◆ **To do**
An exact copy is required of every line from the one with "Image of the" through the end of the data below, and the pictures must stay out of it.

◆ **Data provided**
______________________________

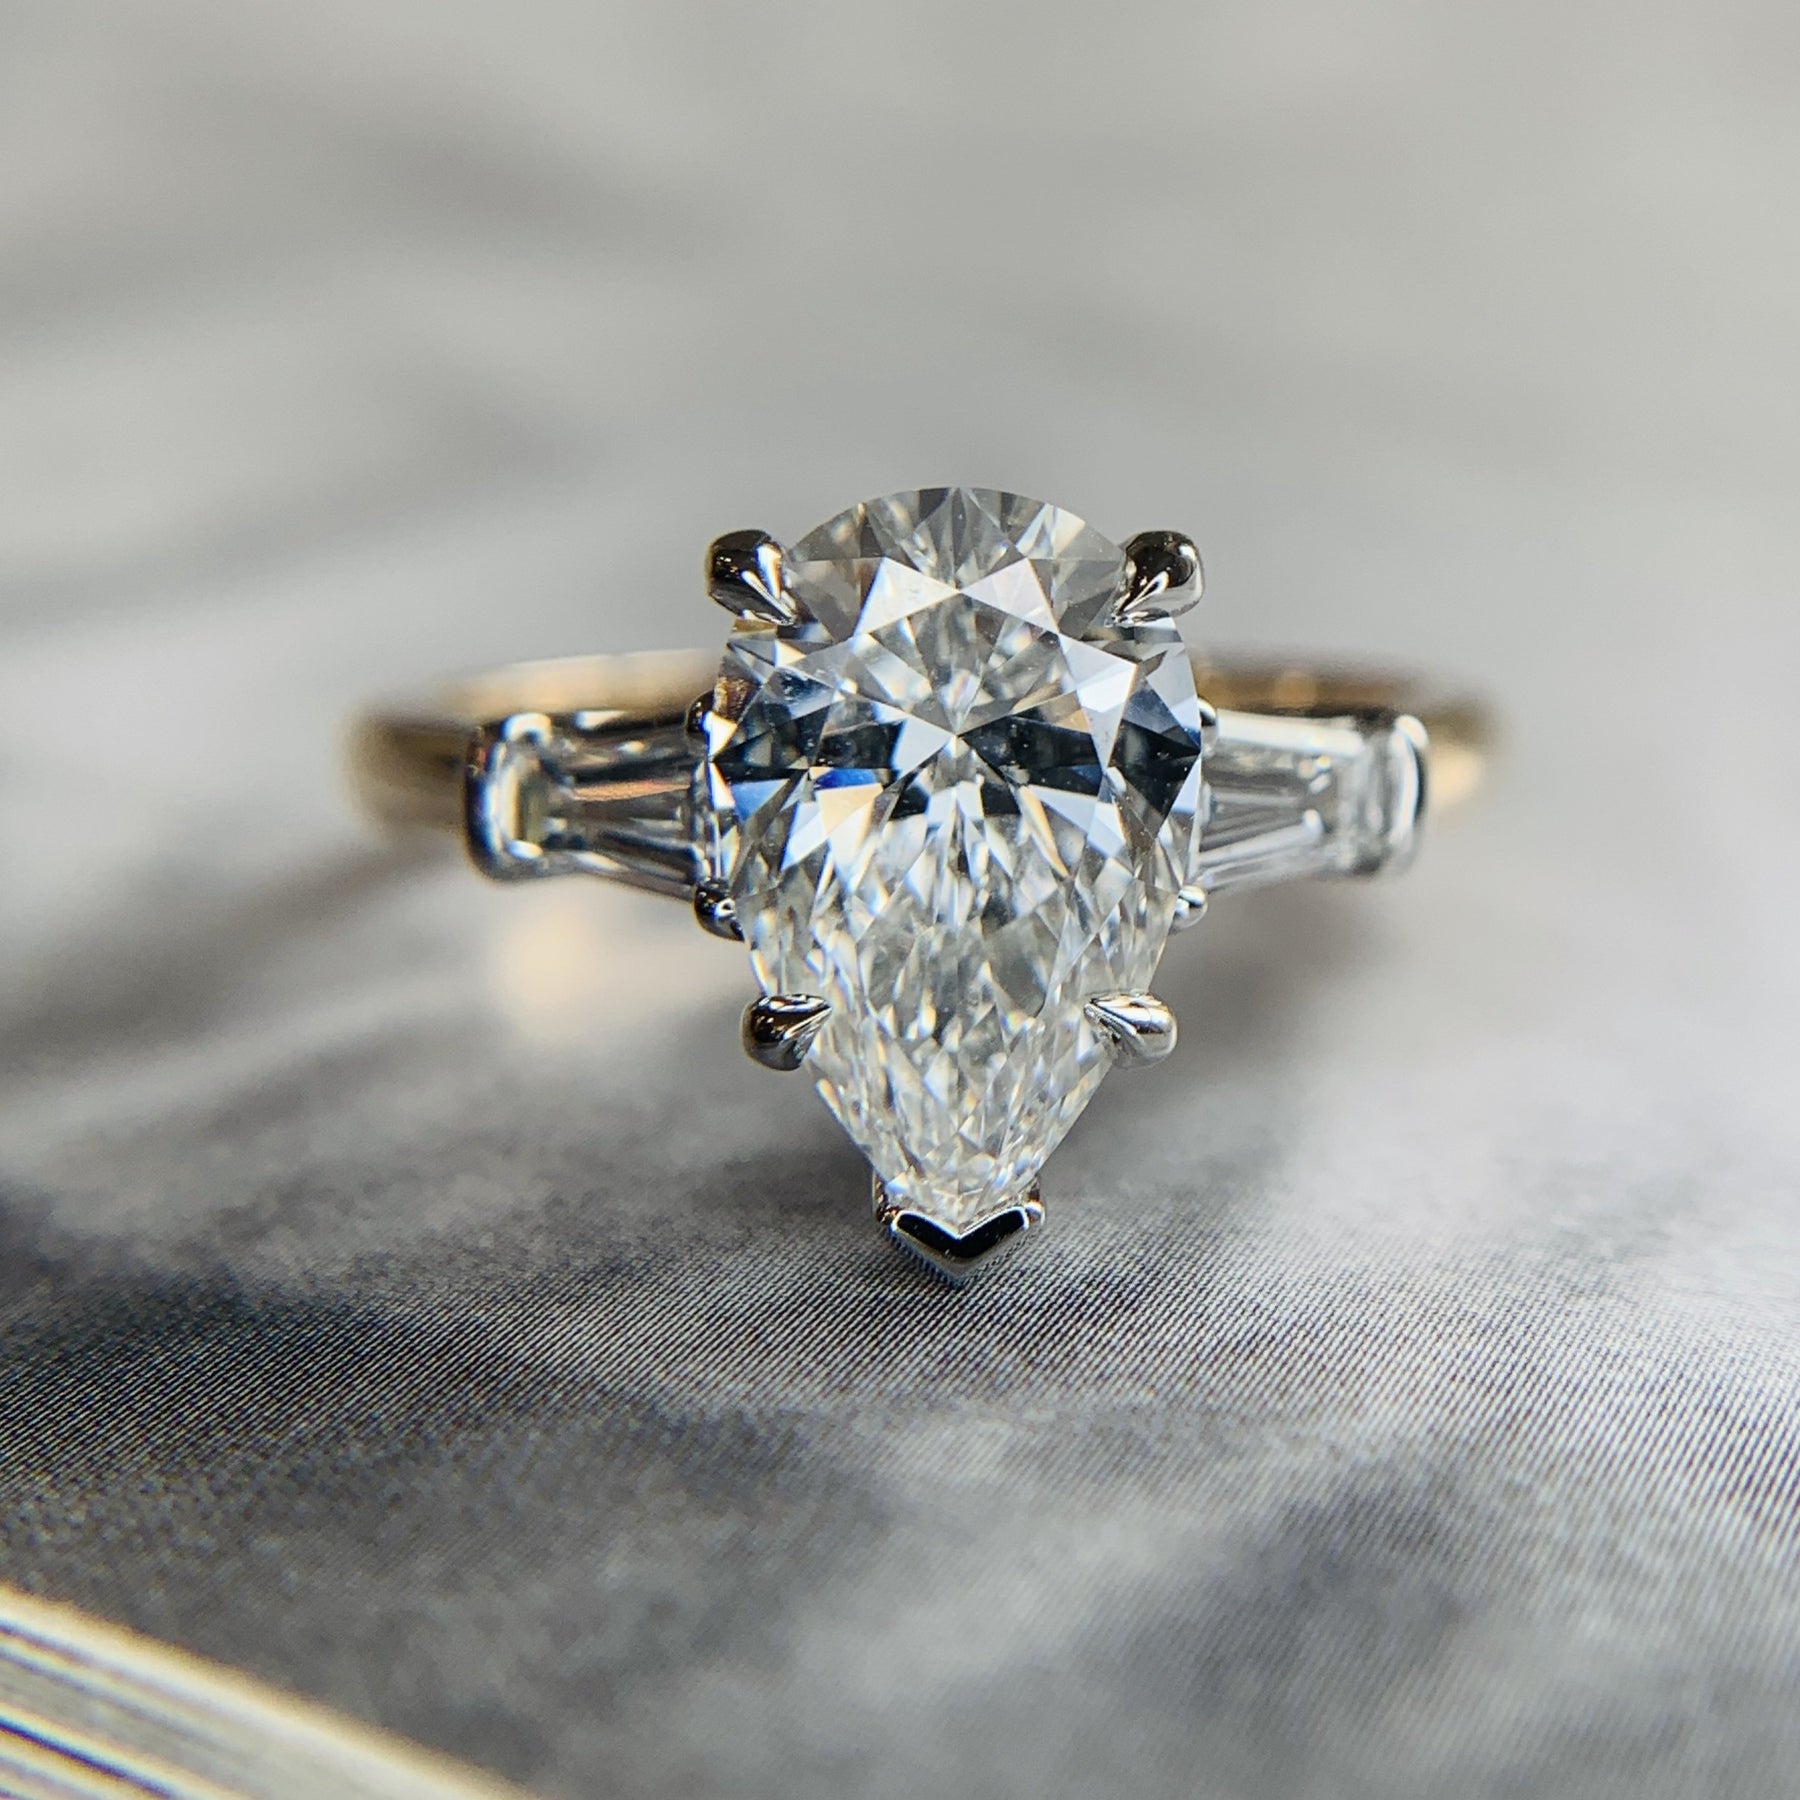 Most-Viewed Ready to Ship Engagement Rings – Unique Engagement Rings ...
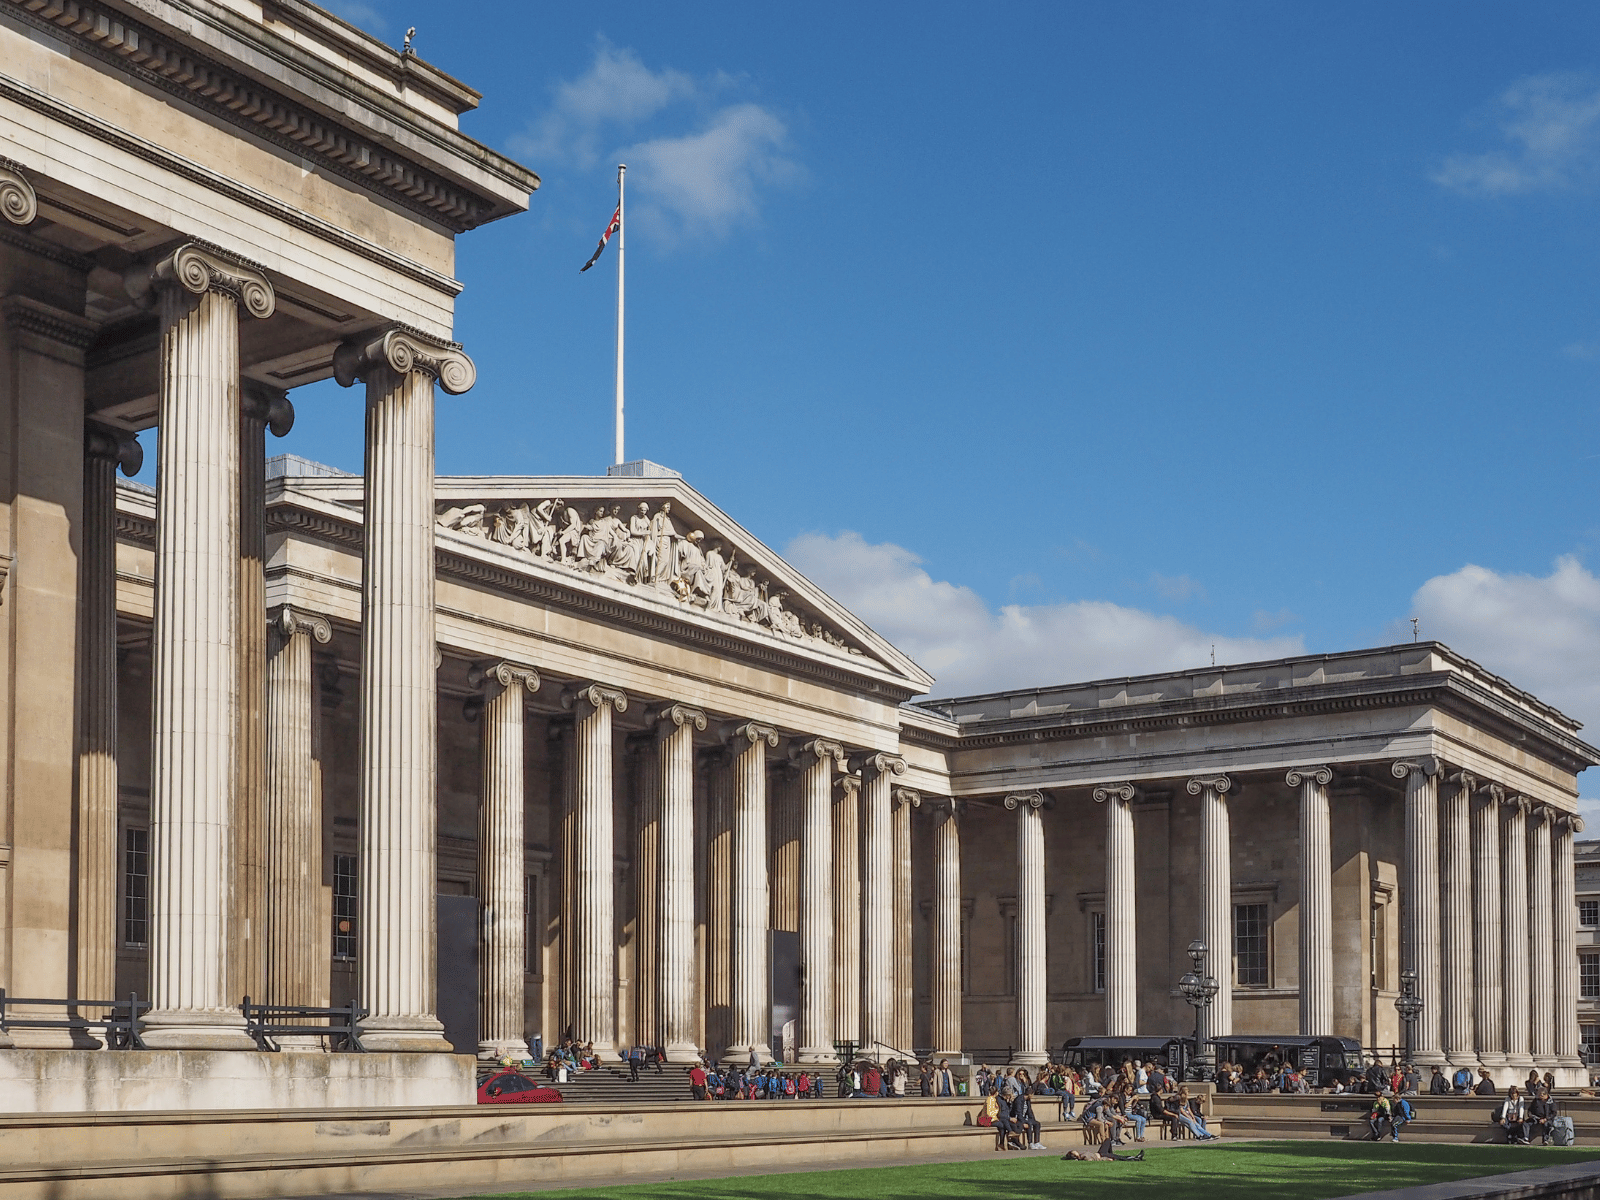 Image of the Facade and Grounds of British Museum
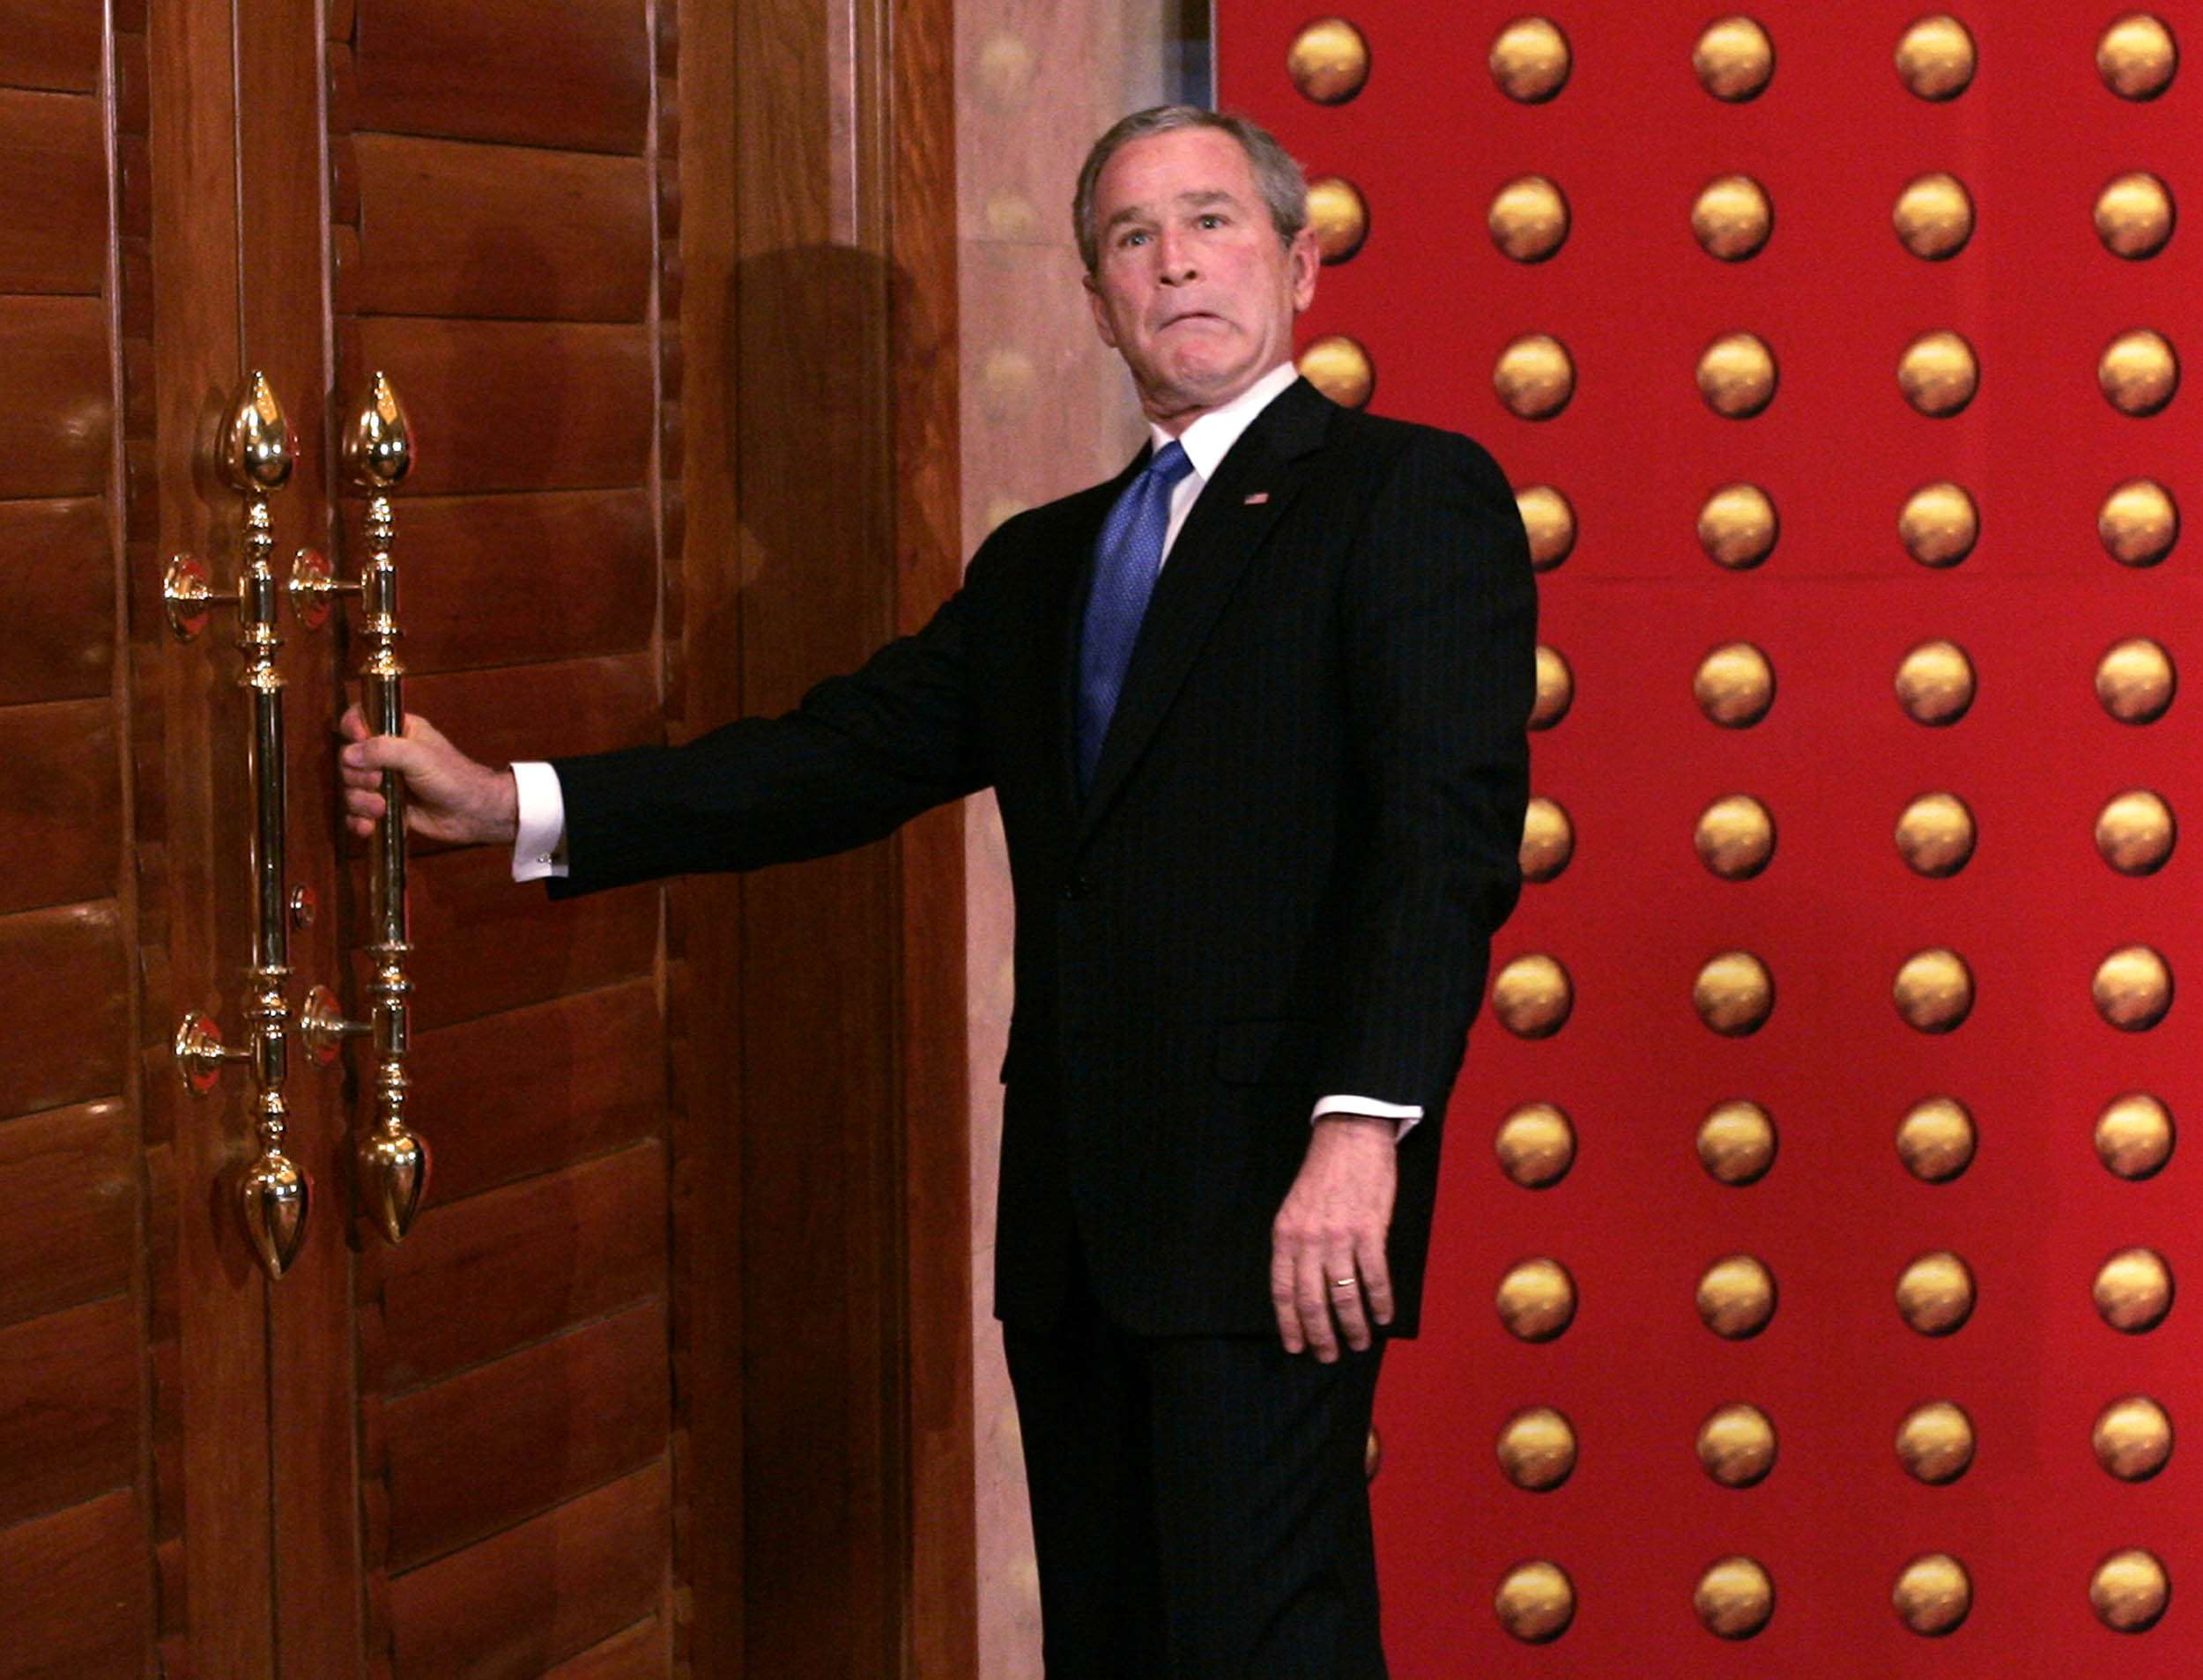 George W. Bush jokingly makes a face as he tries to open a locked door as he leaves a press conference in Beijing in 2005. File photo: AP

______________________________

◆ **Expected output**
 Image of the Facade and Grounds of British Museum
 George W. Bush jokingly makes a face as he tries to open a locked door as he leaves a press conference in Beijing in 2005. File photo: AP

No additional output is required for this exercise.